The case statement is a fundamental construct used for conditional branching across various programming languages. In SystemVerilog, it is implemented as a simple if-else-if statement. SystemVerilog introduces two specialized variations of the case statement, casex and casez, that allow for handling “don’t care” conditions in the case items, discussed in Casex and Casez.

The case statement can be caterogired as full and parallel based on the how the case items are being matched to case expression.

Full Case

A full case statement is where every possible value of the case expression is matched to a case item or to a default case statement. Not having a default statement will not result in a full case statement.
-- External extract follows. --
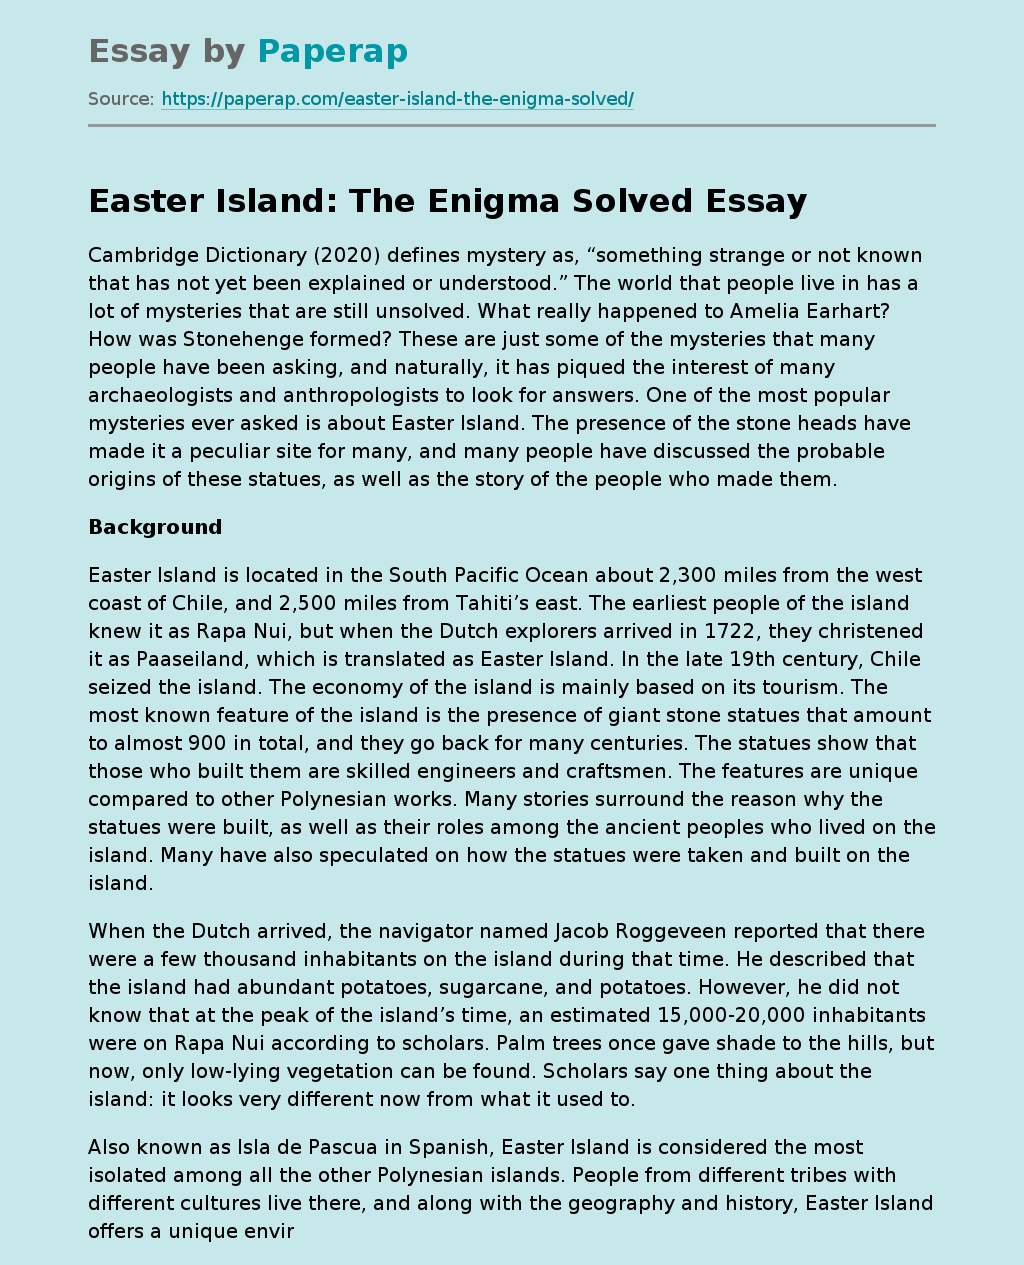 Easter Island: The Enigma Solved

When the case item does not have a matching case expression the output will hold the last assigned value and the synthesis will infer a latch.

From an HDL simulation perspective, a “full” case statement is a case statement in which every possible binary, non-binary and mixture of binary and non-binary patterns is included as a case item in the case statement [1].

From a synthesis tool perspective, a “full” case statement is a case statement in which every possible binary pattern is included as a case item in the case statement [1].

  • Full Case removes latches from the design.
  • Number of case item is directly proportional to the number of case expression.
  • The full_case directive can be used to explicitly indicate that the case statement is full.

Parallel Case

A case statement checks the case expression against multiple cases and executes the corresponding branch that matches the case expression. By default, the synthesis tools generate a priority encoder, which checks cases sequentially. The parallel case tells the synthesis tool that each case item has only one matching case expression allowing the synthesis tool to optimize the hardware by removing priority checks, leading to simpler and faster hardware implementation.

  • Parallel Case removes large, slow-priority encoders.
  • The parallel_case directive is used to explicitly indicate that the case statement is parallel.

Points to Remember

  1. Non-Parallel Case: The order of the case branches is significant, as the conditions are evaluated sequentially, and the first matching condition is selected for execution.

  2. Parallel Case: The order of the case branches is irrelevant, as the synthesis tool assumes that the conditions are mutually exclusive, allowing for simultaneous evaluation without prioritization.

Reference

  1. “full_case parallel_case”, the Evil Twins of Verilog Synthesis
  2. Cummings, Clifford. “SystemVerilog’s priority & Unique–A Solution to Verilog’s full_case & parallel_case Evil Twins.” SNUG. Israel 282282 (2005).